Dieser dritte Akteur war der nominelle Zehner Mizunuma, der wiederum eine vorbereitende Vorbewegung gemacht hatte, um sich so effektiv befreien zu können. Er stand am Übergang zur Flügelzone, rückte dort mit dem Pass auf Kamijima zunächst kurz hoch und breit, um dann in die Zielposition für die Ablage des Kollegen zu kommen. Im Zentrum hatte Mizunuma schließlich eine offene Körperstellung und konnte so den tiefen Ball spielen – mit dem ersten Kontakt und auch in dieser Szene wieder mit seiner mehrmals im Laufe der Partie aufgefallenen fancy Passtechnik.
Shandongs Abwehrkette war für den Ball in ihren Rücken sehr anfällig: Die Mannorientierungen gaben Yokohama über die Partie hinweg immer wieder Möglichkeiten, in die Schnittstellen zu spielen. In dieser Szene war es der eigentliche Linksverteidiger Kato, der bei breiterer Position Élbers zuvor eingerückt war und anschließend dort hinein startete. Während er noch im Halbraum auf einer Art Achterposition stand, hatte ihn der gegnerische Rechtsverteidiger im 1gegen1 aufgenommen – und jener stand damit völlig losgelöst von der Kette. Auf seiner eigentlichen Position blieb eine große Lücke.

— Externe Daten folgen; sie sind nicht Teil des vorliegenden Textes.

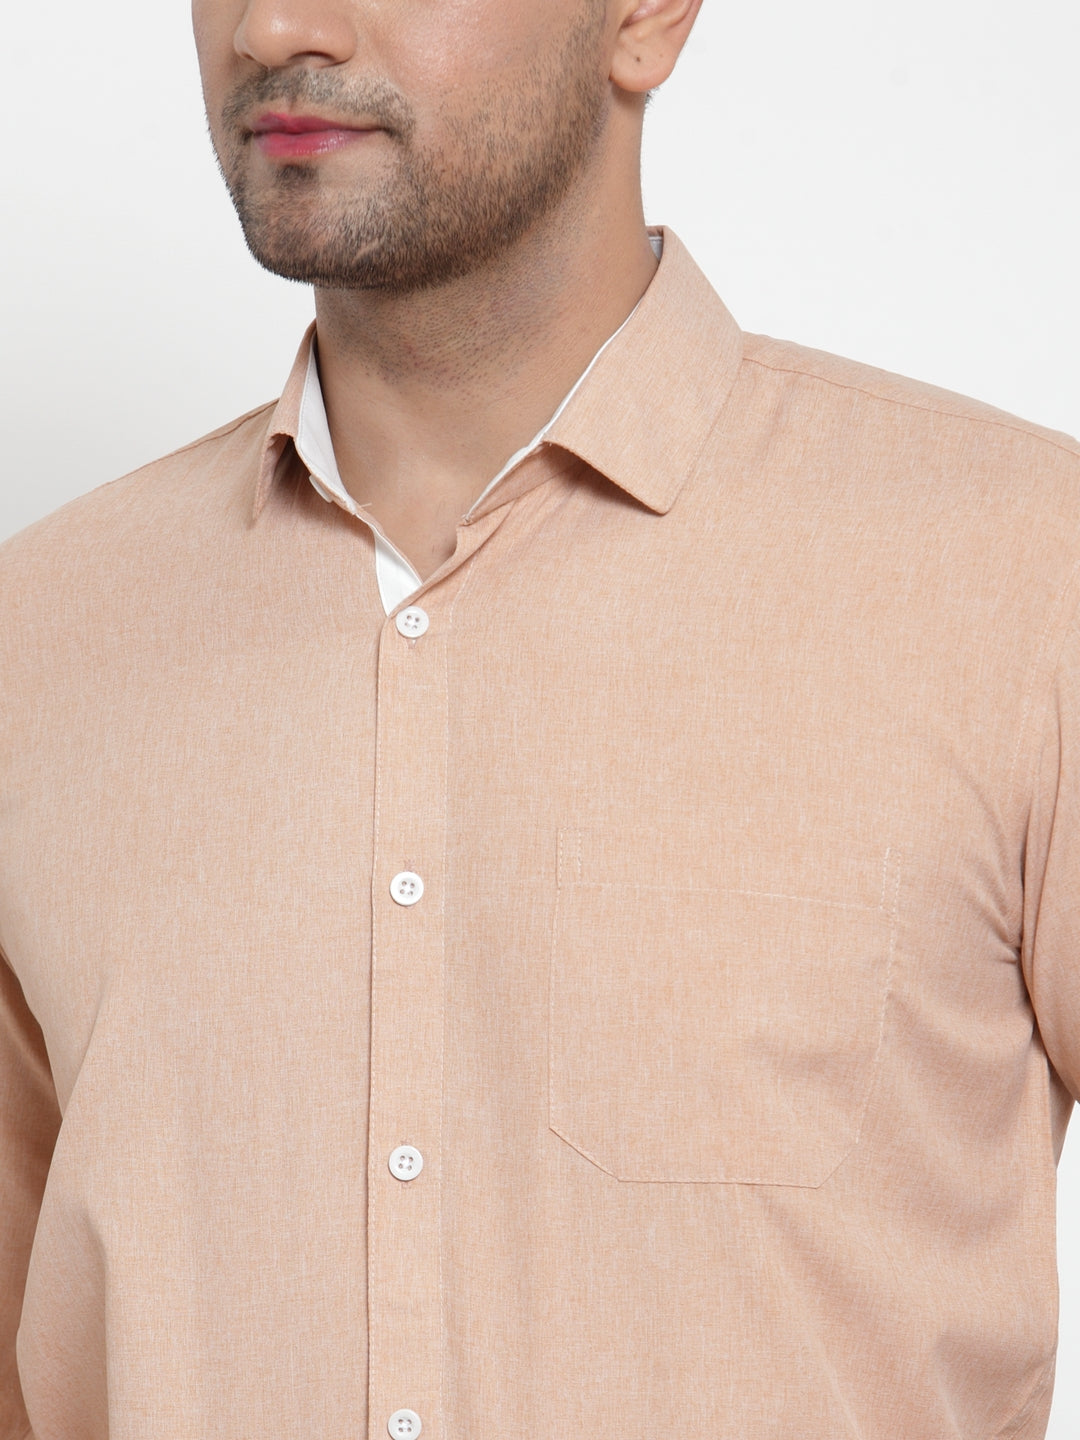 Men's Light-Brown Formal Shirt with white detailing ( SF 419Light-Brown ) - Jainish

Kato erkannte das frühzeitig, näherte sich ihr langsam und war auf Sprung bereit, um einzulaufen. Obwohl er das so früh machte, reagierte Rechtsverteidiger Tong aber überhaupt nicht aktiv: Er begleitete Kato nur statt sich präventiv abzusetzen, so erwartbar wie der spätere Tiefenlauf war. Eine spätere Gegenbewegung für einen kurzen Pass hätte er dann zwar nicht mehr verteidigen können. Aber das musste in Kauf genommen werden angesichts der Gefahr, die der Schnittstellenlauf bei jenen großen Abständen bedeutete. Es schien, als ob die Möglichkeit der Gegenbewegung hier den Verteidiger erstarren und effektiv kaum mehr verteidigen ließ.
In dieser Szene geriet der Passs Mizunumas etwas unsauber; sonst wäre Kato direkt auf das Tor gelaufen. Stattdessen rutschte der Ball nur auf Élber durch, der aber übrigens eine kreative Fortsetzung wählte: Sehr langes Ballhalten auf der Grundlinie und Dribbling nach hinten, anschließend Flachpass zurück an den Sechzehner, wo Mizunuma den Ball nochmals spektakulär auf einen Kollegen durchlaufen ließ, der über das Tor zielte.
Auch wenn Shandong zumindest diese Situation überstand: Gerade auf der halbrechten Seite fand Tong keine guten Positionen und auch sein Innenverteidiger Jádson hatte oftmals große Schwierigkeiten, ihn abzusichern. Über diese Zone ließ Shandong zahlreiche Chancen zu und von dort entstand schließlich auch der Siegtreffer der Marinos.